LSMean, Least Squares Mean; 95% CI, 95% confidence interval

Haplotype association of baseline PANSS scores

Permutation-based analyses of haplotype-based baseline PANSS scores failed to show a global significant difference in strata defined by African (P=0.091) and European (P=0.065) reported ancestry. However, in an exploratory fashion, we noted that a LD block 1 haplotype – rs951436 allele A, rs951439 allele C, rs2661319 allele G and rs2842030 allele T (A-C-T-G) – showed a statistically significant PANSS total score in subjects of both African (P=0.048) and European ancestry (P=0.017) (Supplementary Table 2). None of the baseline associations survive FDR correction for multiple comparisons of the 124 hypotheses tested concerning both baseline and treatment response association.

Treatment Response

Using GEE models to include all available longitudinal data, SNP by treatment analyses for PANSS total indicated a significant difference only among the group of African ancestry and RGS4 marker rs951439 (P=0.024; Supplementary Table 3). Exploratory analyses using PANSS positive and negative scores as the dependent variable revealed that both PANSS positive (P=0.037) and negative (P=0.049) responses contributed to the significant rs951439 PANSS total response difference (Supplementary Table 3). In addition, the exploratory analyses of PANSS positive and negative response scores indicated association of the the rs2842030 (P=0.023) and rs10759 (P=0.025) markers specifically in PANSS positive response among patients of African ancestry (Supplementary Table 3). The rs951439 and rs2842030 markers were sufficiently polymorphic in both the African and European ancestry samples to result in sample cell numbers ranging from 5 to 54. Figures 2 and 3 summarize the RGS4 marker by treatment response data in the Africa only and Europe only strata.

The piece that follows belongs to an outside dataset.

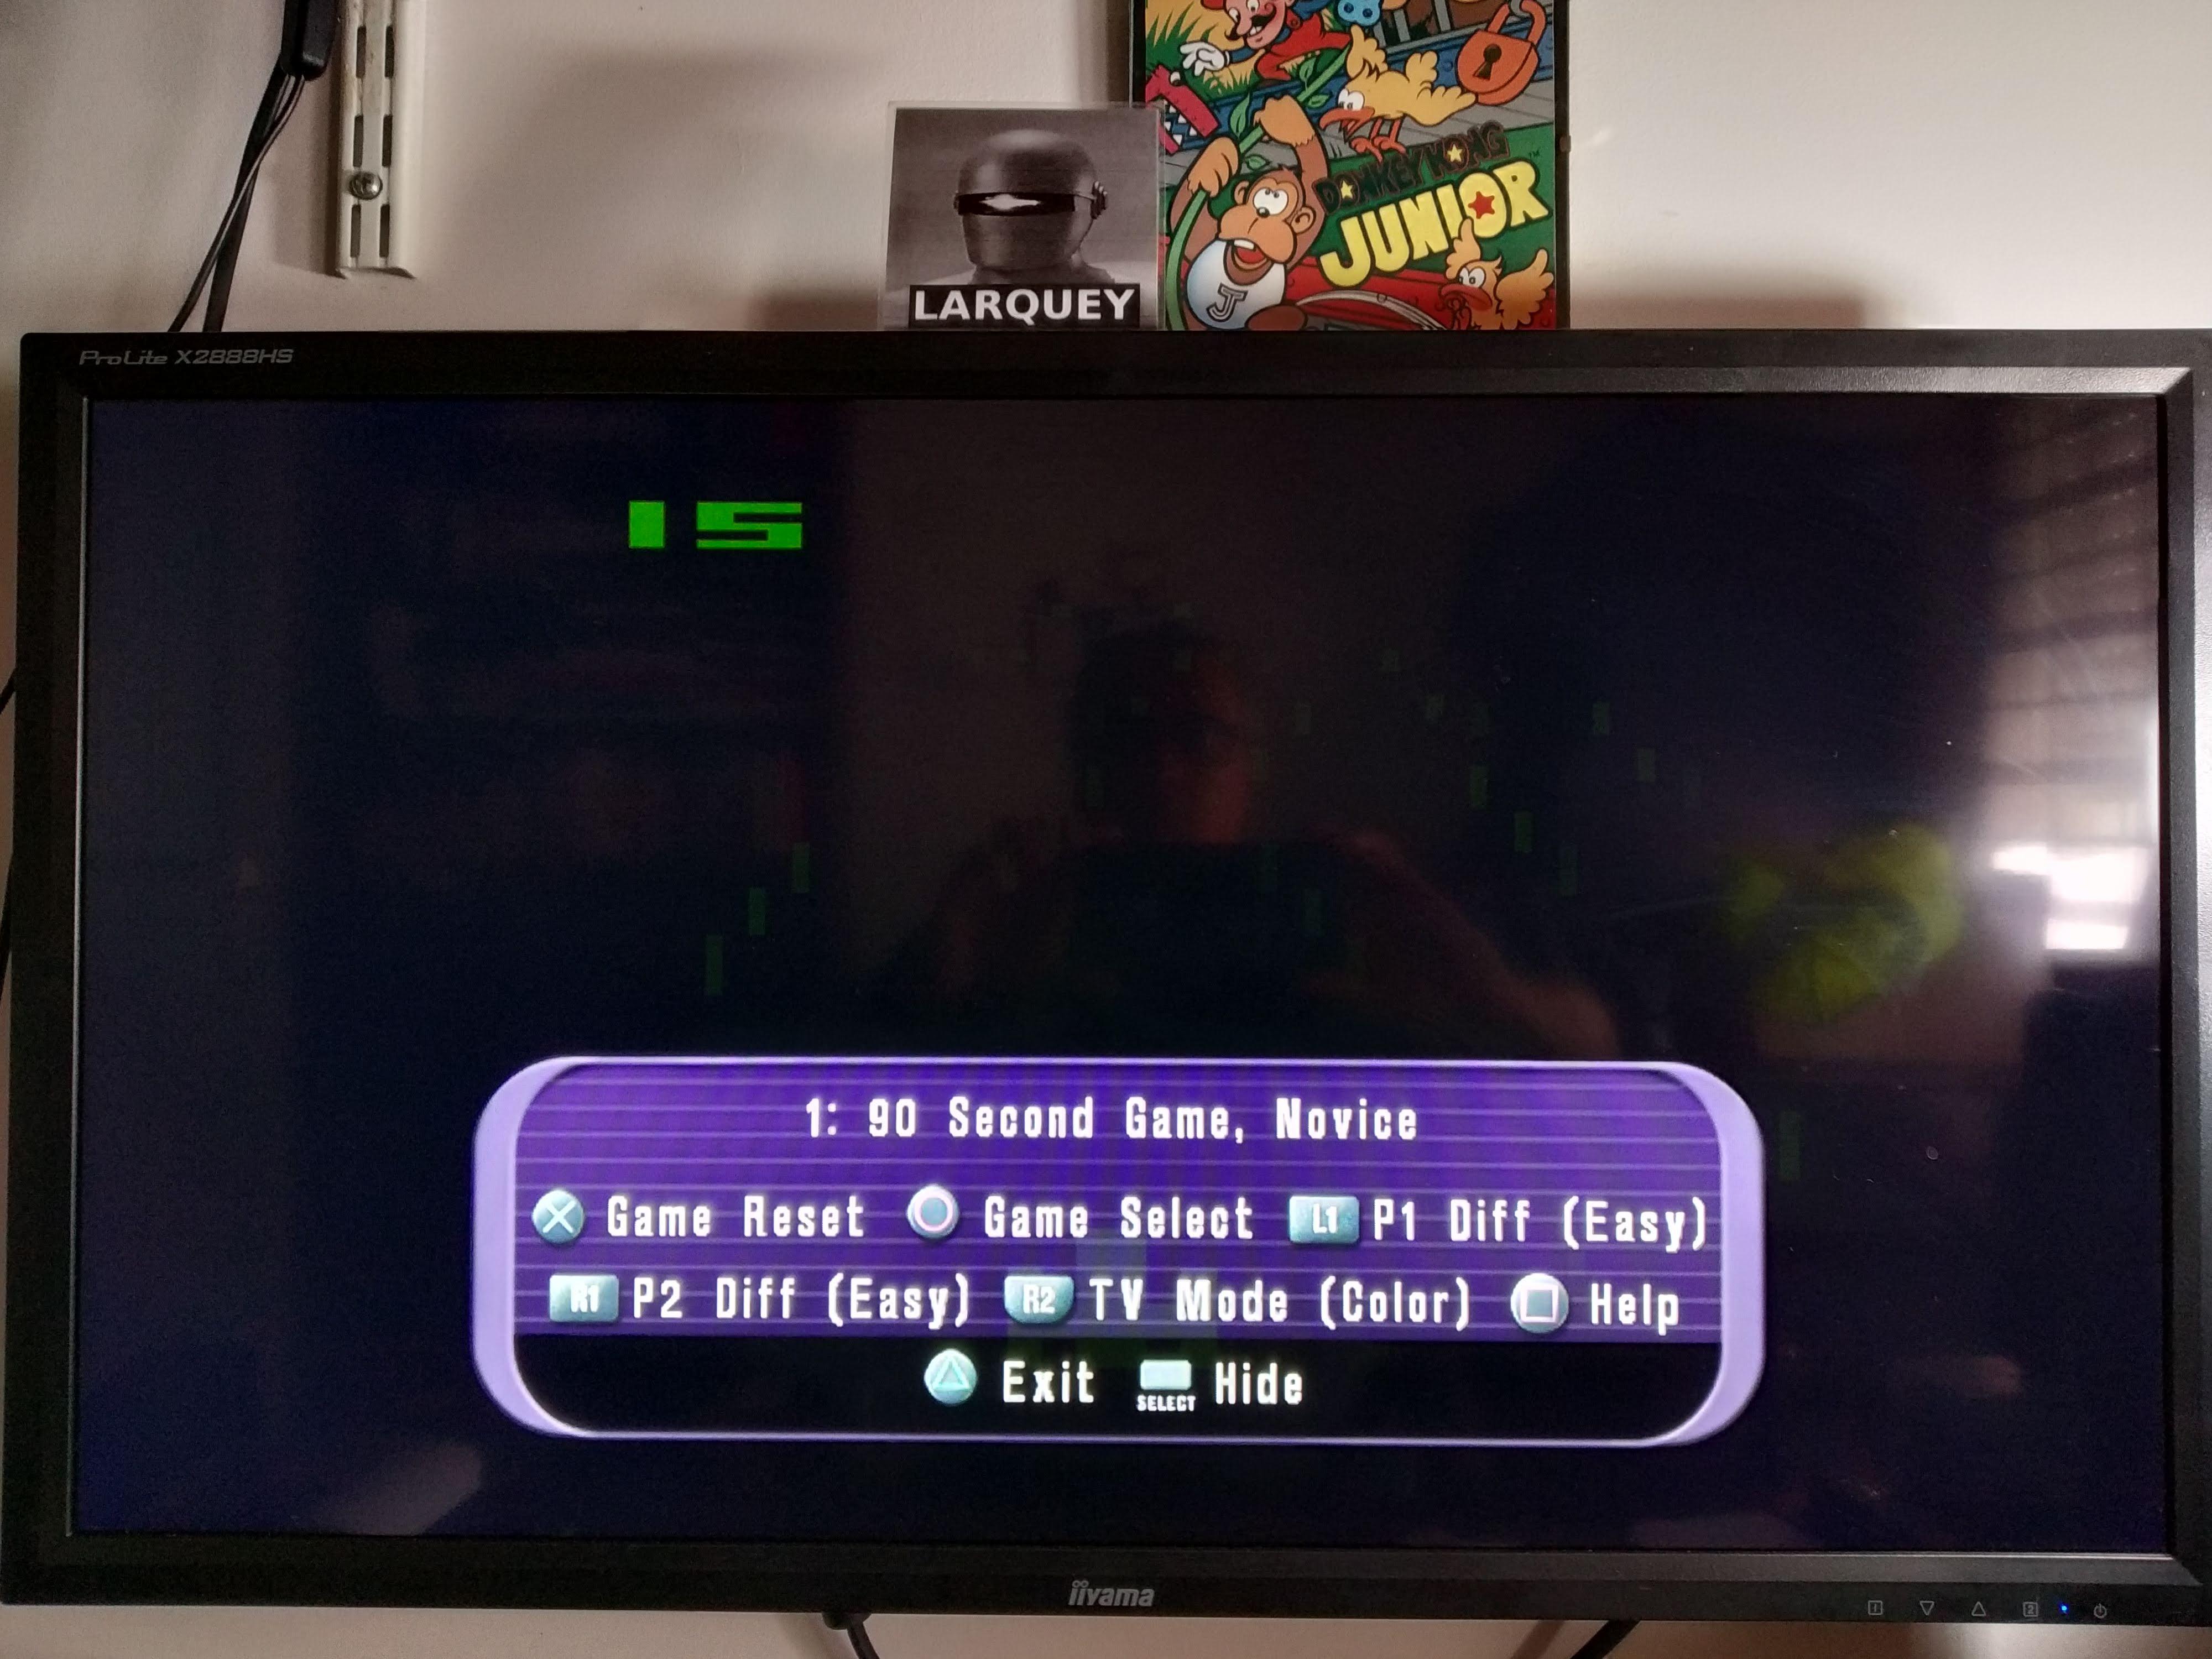 Larquey: Atari Anthology: Night Driver [Game 1B] (Playstation 2 Emulated) 15 points on 2020-08-04 11:37:20

Supplementary Table 4 presents additional RGS4 marker data that are based on some sample cell numbers <5 but may represent important treatment response differences.

Figure 2.

Association of RGS4 marker rs951439 genotype with antipsychotic treatment response. Among the 198 patients of African ancestry, rs951439 genotype CC continue on perphenazine treatment significantly longer than ziprasidone treatment (a) and have significantly lower PANSS scores (c, e, g) during treatment with perphenazine compared to ziprasidone. Patients of rs951439 CC genotype and African ancestry in the perphenazine group exhibits differences compared to patients in the quetiapine group when the PANSS total and PANSS negative scores are used as dependent variables (c, g). Among the 397 patients of European ancestry, no significant global differences between perphenazine and second-generation antipsychotics were observed (b, d, f, h). However, patients with rs951439 TT genotype in the risperidone group appeared to remain on risperidone longer (b) and exhibited less severe positive symptoms during risperidone treatment (f) than genotype CC. Each bar represents response data from 5–48 patients. Detailed analyses are presented in Supplementary Tables 3–7. * indicates significant difference (P<0.05) for both global and pairwise comparisons with perphenazine by multiple linear regression with GEE.

Figure 3.

Association of RGS4 marker rs2842030 genotype with apparent antipsychotic treatment response. Among the 198 individuals of African ancestry, the rs2842030 genotype was significantly correlated with PANSS positive scores: genotype TT in the perphenazine group had better scores compared to quetiapine, risperidone and ziprasidone groups; there was no difference with between perphenazine and olanzapine (e). Trends similar to those observed for rs951439 (Figure 2) are evident in the African ancestry response associations for rs2842030 (a, c, g); however, only the associations using PANSS positive scores reached global significance. Among the 397 patients of European ancestry, no significant global differences between perphenazine and second-generation antipsychotics were observed (b, d, f, h). However, the group of individuals with the rs2842030 GG genotype on risperidone remained on treatment longer (b) and exhibit less severe positive symptoms during risperidone treatment (f) than genotype TT. Each bar represents response data from 5–54 patients. Detailed analyses are presented in Supplementary Tables 3–7. * indicates significant difference (P<0.05) for both global and pairwise comparisons with perphenazine by multiple linear regression with GEE.

RGS4 genotype association with Phase 1 Time to Discontinuation of Treatment

When stratified by inferred ancestry, there was a significant rs951439 genotype by treatment interaction in subjects of African ancestry (P=0.013) but not in subjects of European ancestry only (P = 0.429). Patients of African ancestry with rs951439 genotype CC continued on perphenazine (391 ± 63 days) significantly longer than ziprasidone (124 ± 46 days) (Figure 2a). No other significant differences between perphenazine and the second-generation antipsychotics were present after stratification by RGS4 genotype (Supplementary Table 4).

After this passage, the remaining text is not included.